Она так и не вернулась. Всё произошло внезапно. Никто тогда ничего не понял – и до сих пор не знает, что именно случилось. Хотя с тех пор прошло уже несколько лет.

Я лечу рейсом Киев–Париж и безуспешно пытаюсь выудить из памяти какое-то воспоминание, но оно постоянно ускользает. Это раздражает до зуда в теле.

Обычно я могу положиться на свою память: она, как старый добрый «Зенит», одним щелчком схватывает детали и бережно складывает их в архив. Даже десятилетия спустя кадры остаются почти нетронутыми. Особенно те, на которых она – Алиса. Эти снимки не выцветают. Бумага у них – хорошая, плотная.

Замечаю, что ерзаю на сиденье: какой-то нервный зуд поднимается вверх по позвоночнику и сдавливает грудную клетку. Нет, только не это.

Я бросаю встревоженный взгляд на соседа слева – добродушного француза с усиками – и на молодую женщину справа.
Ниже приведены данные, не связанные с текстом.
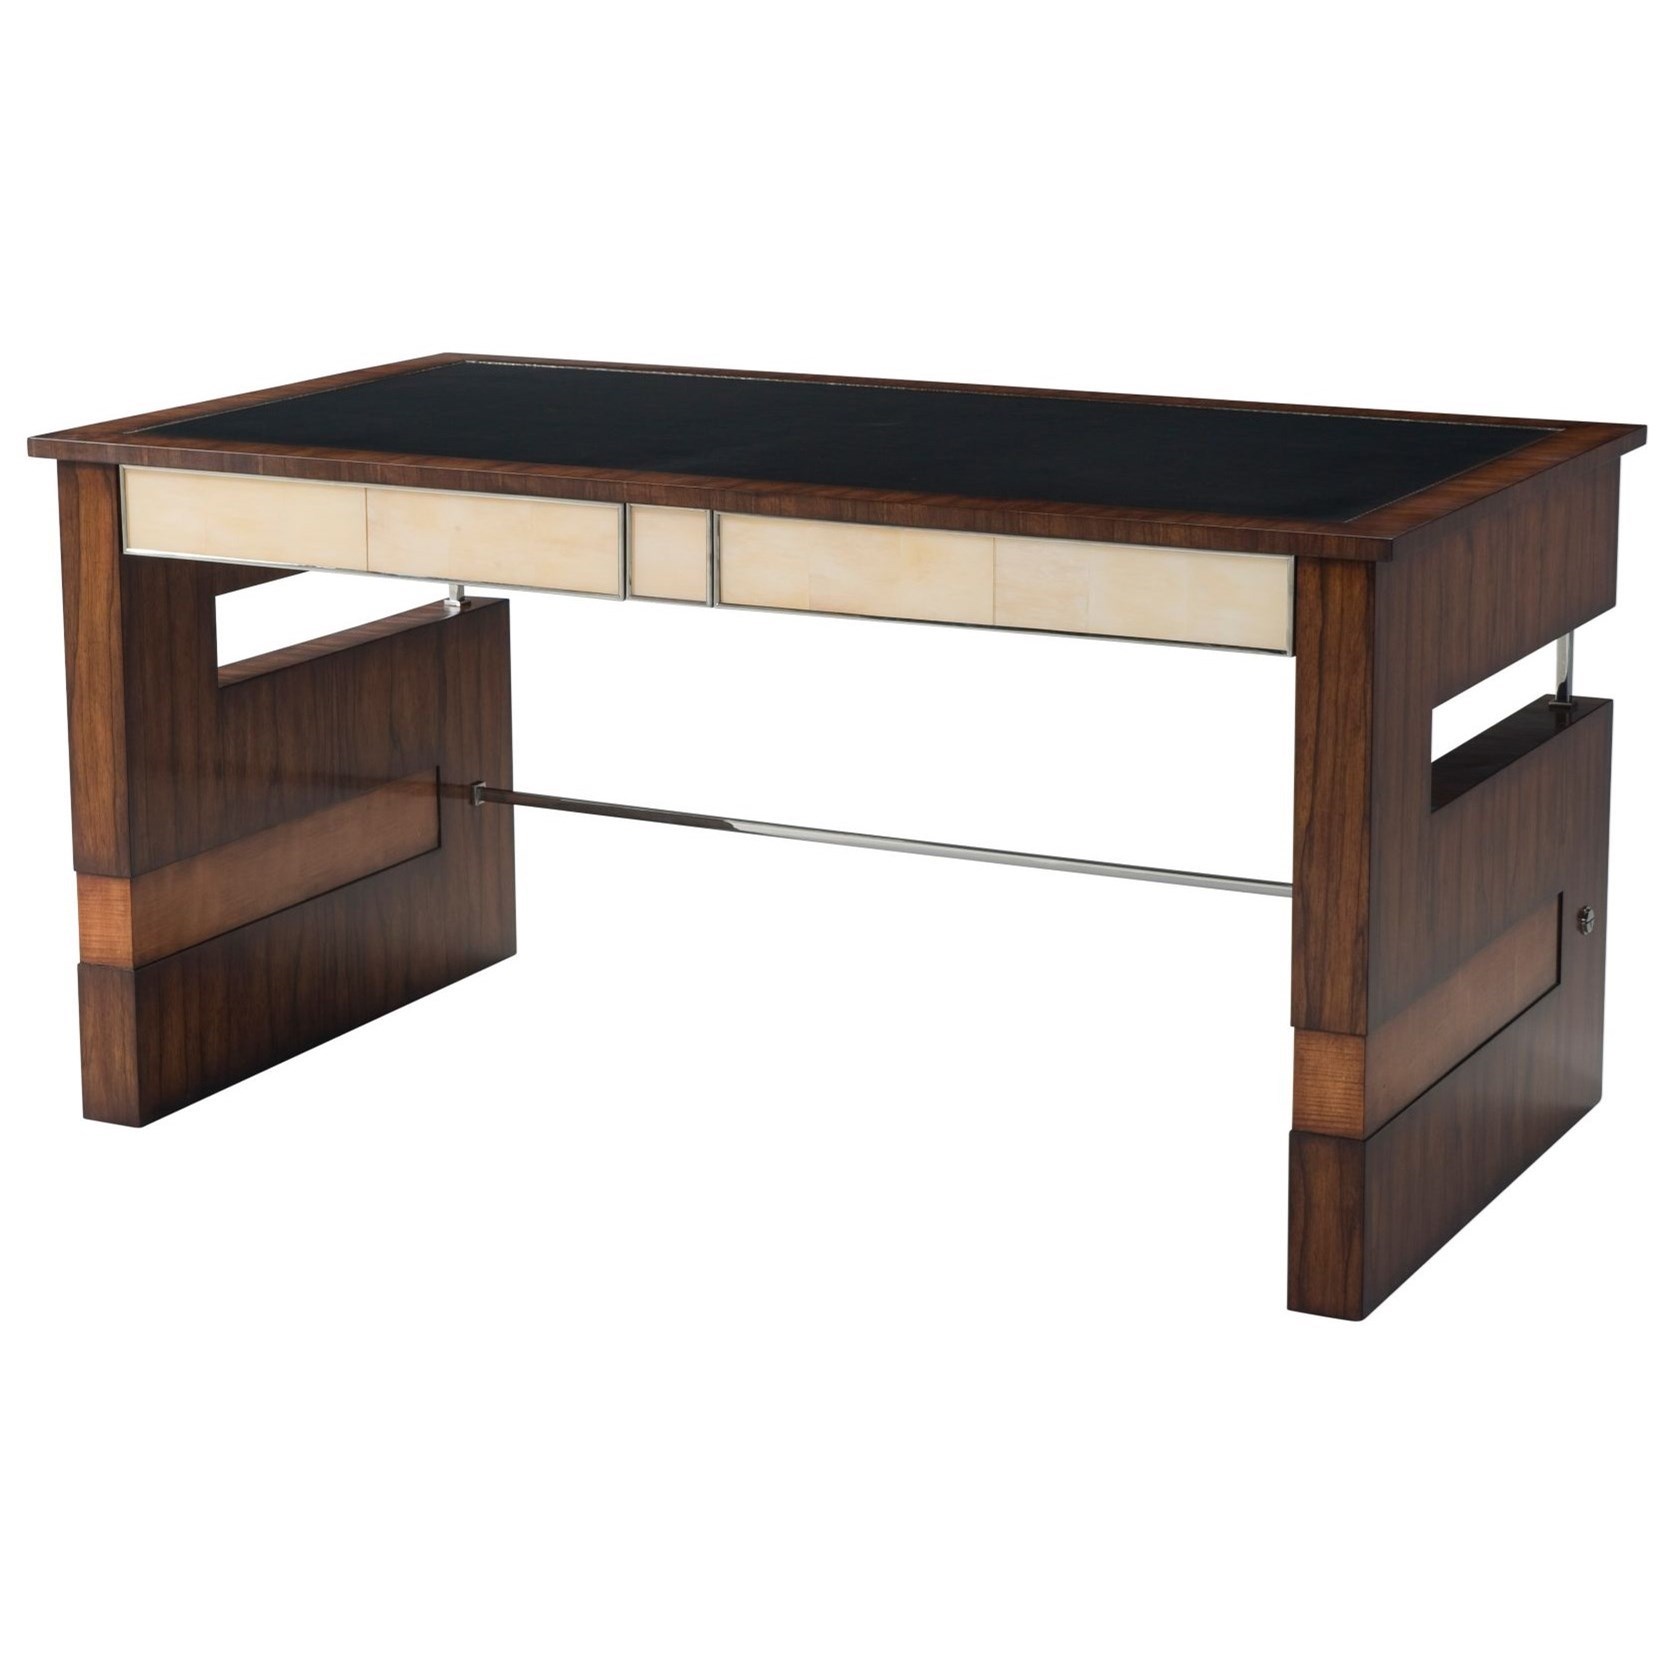 Striking Elements Writing Table with Inset Leather Top

Пытаюсь справиться с внезапной влагой в глазах. Какая глупость. Как будто можно смириться с утратой любимого человека.

Эта история – о ней. О моей троюродной сестре, к которой я испытывал…
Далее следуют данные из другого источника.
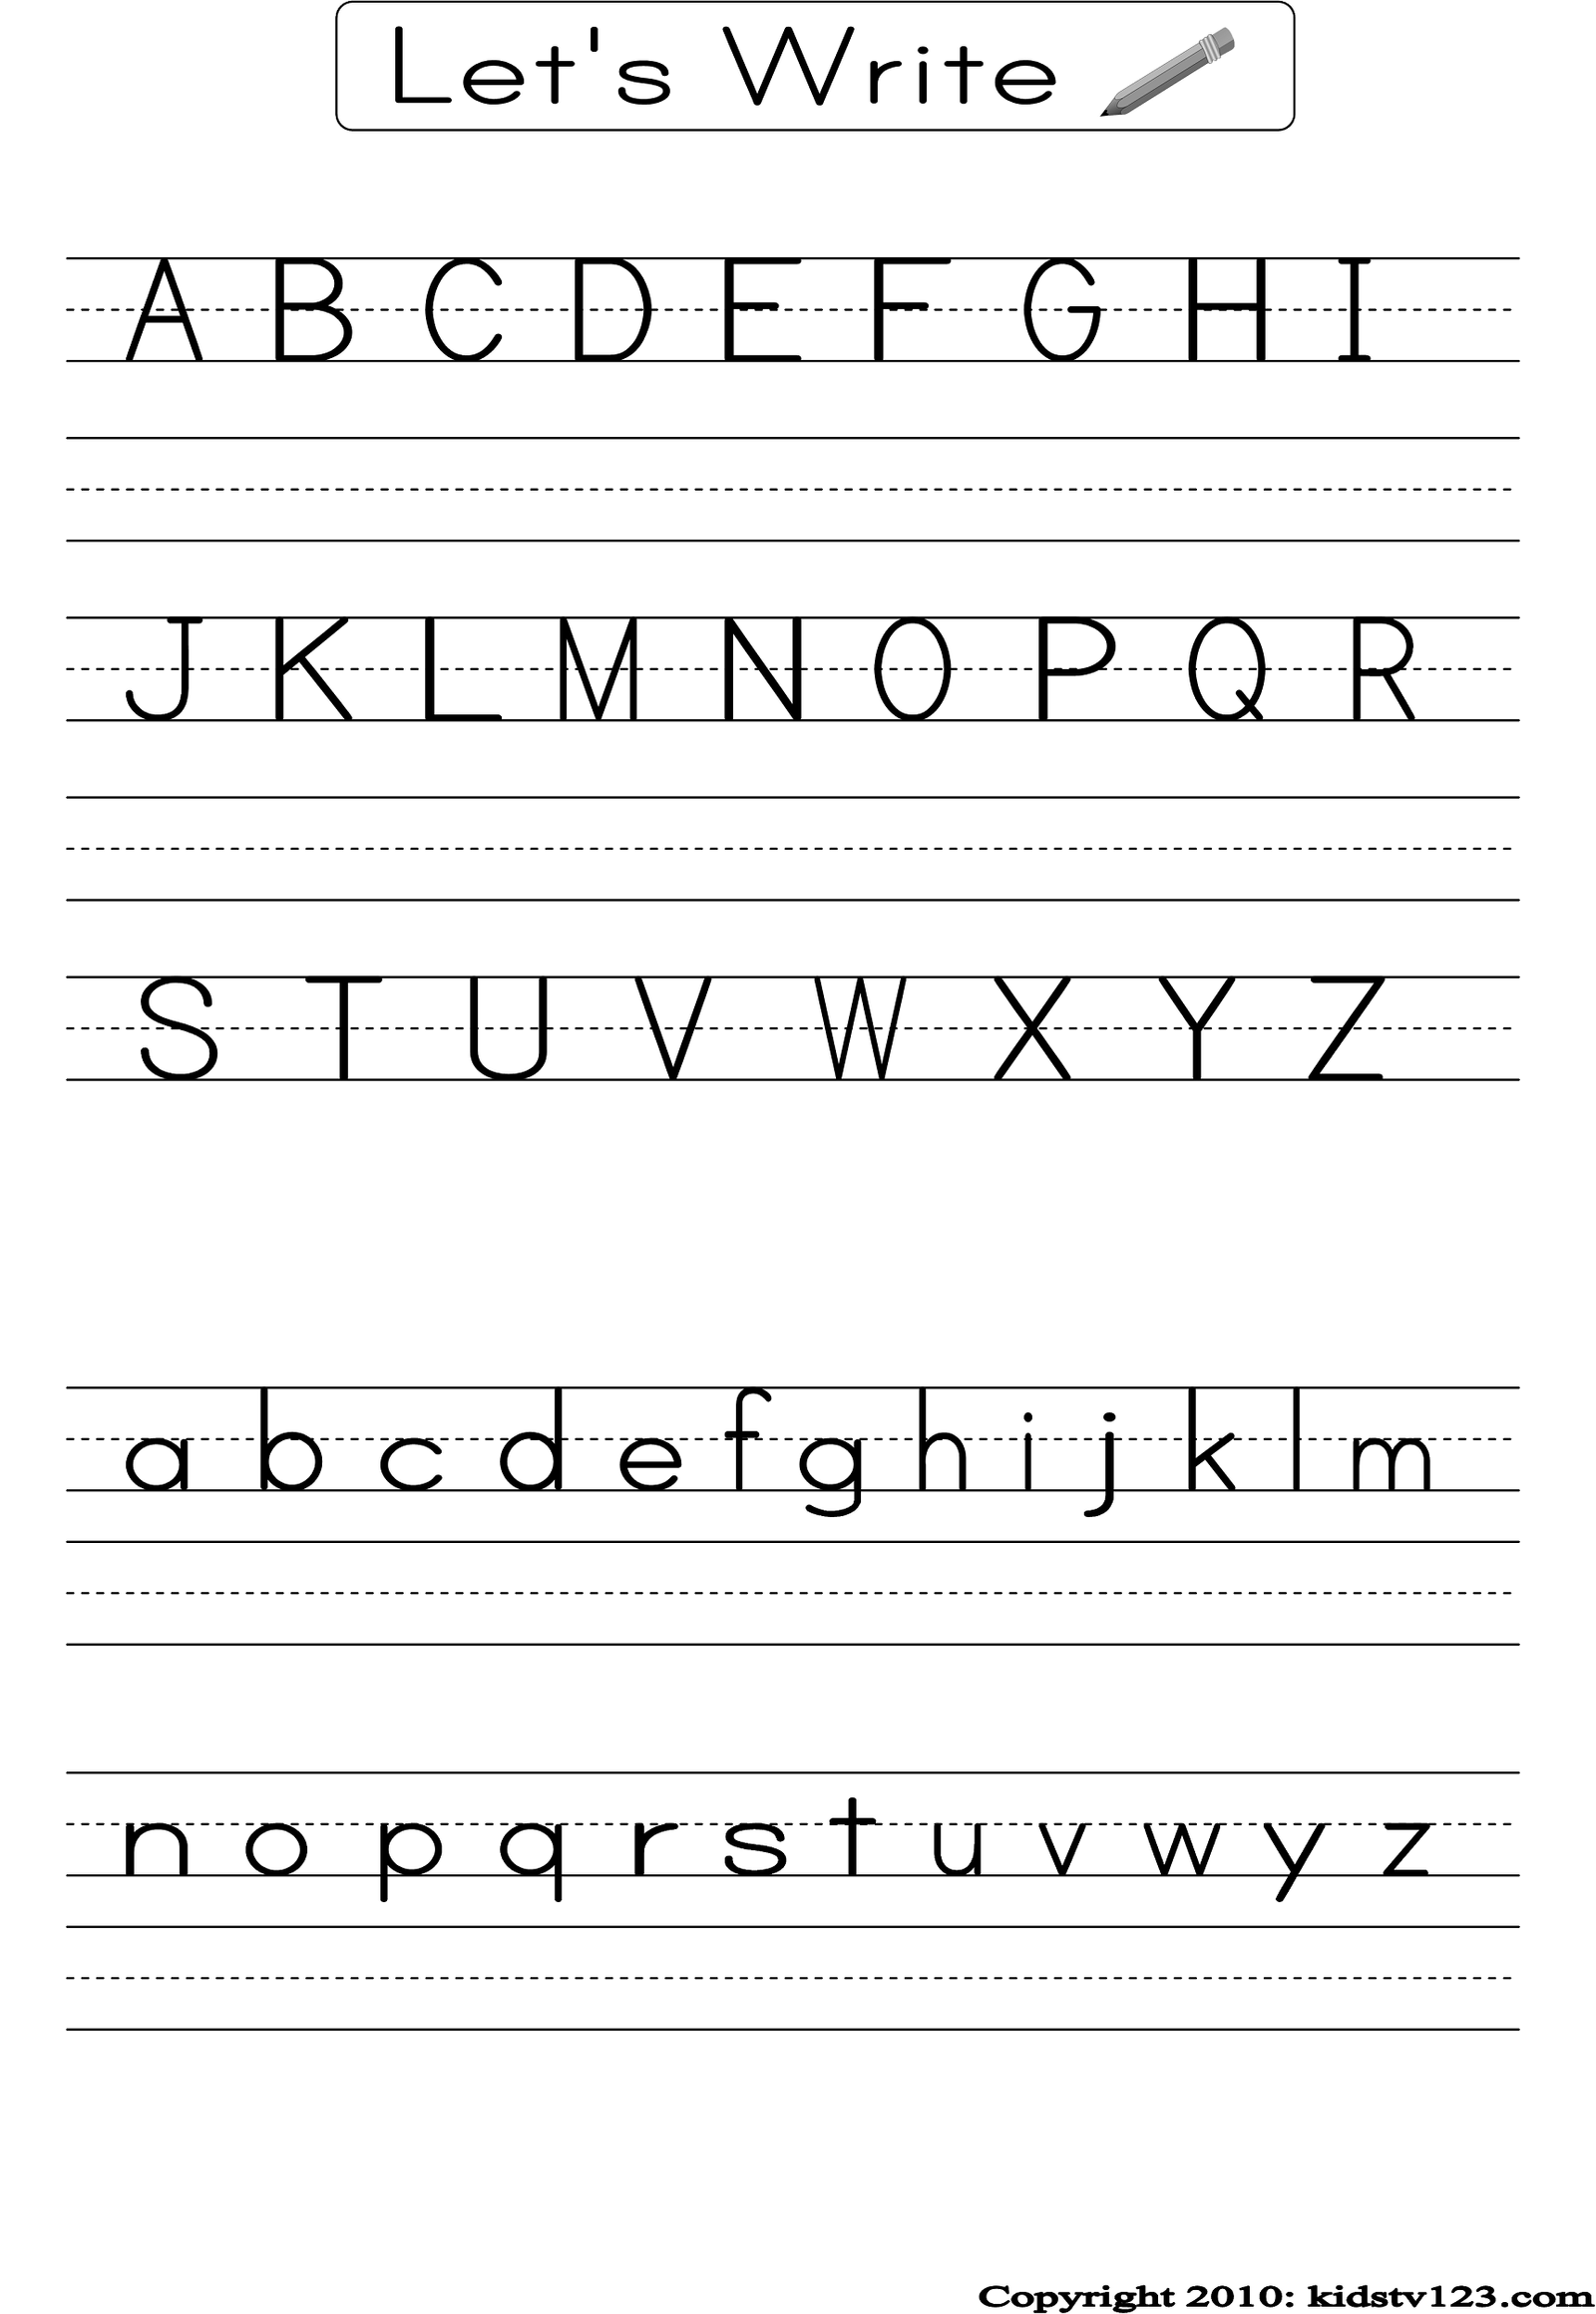 Alphabet Practice Worksheets to Print | Activity Shelter

«Гусь, почему говоришь в прошедшем времени?!» – одёргивает меня внутренний голос. Или это возмущается она, Алиса? Ведь только ей дозволено звать меня Гусём – моя фамилия Гусев.

Испытываю.

Я мысленно поправляю себя: о моей сестре, к которой я испытываю нежные чувства, как к родной.

Мы по-настоящему сблизились в подростковом возрасте: ей было пятнадцать, мне – одиннадцать. Почти сразу между нами установились доверительные отношения, и с тех пор дружба только крепла.

Правда, когда Алиса уехала во Францию – это было в начале двухтысячных, – мы на какое-то время потерялись. Но потом, благодаря Скайпу и соцсетям, наши беседы по душам возобновились.

– Мадам Алиса, – подшучивал я.

– Да-да, шерше ля фам, – смеялась она в ответ.

Нам всегда было весело вместе. Наверняка у вас тоже бывало: один скажет какую-нибудь глупость, в которой нет ничего смешного, но вдруг на вас обоих находит безудержное веселье, будто вы слегка под хмельком.

Жжение в глазах не проходит. Дьявол! Уже подали бы, что ли, выпить? Почти час в воздухе.

Я вытягиваю шею, выискивая глазами стюардессу. Никого. Ну как тут не заматериться? Украинские авиалинии, чтоб их… Летели бы с Air France – уже, наверное, предложили бы Бордо. Ну, в худшем случае – Божоле.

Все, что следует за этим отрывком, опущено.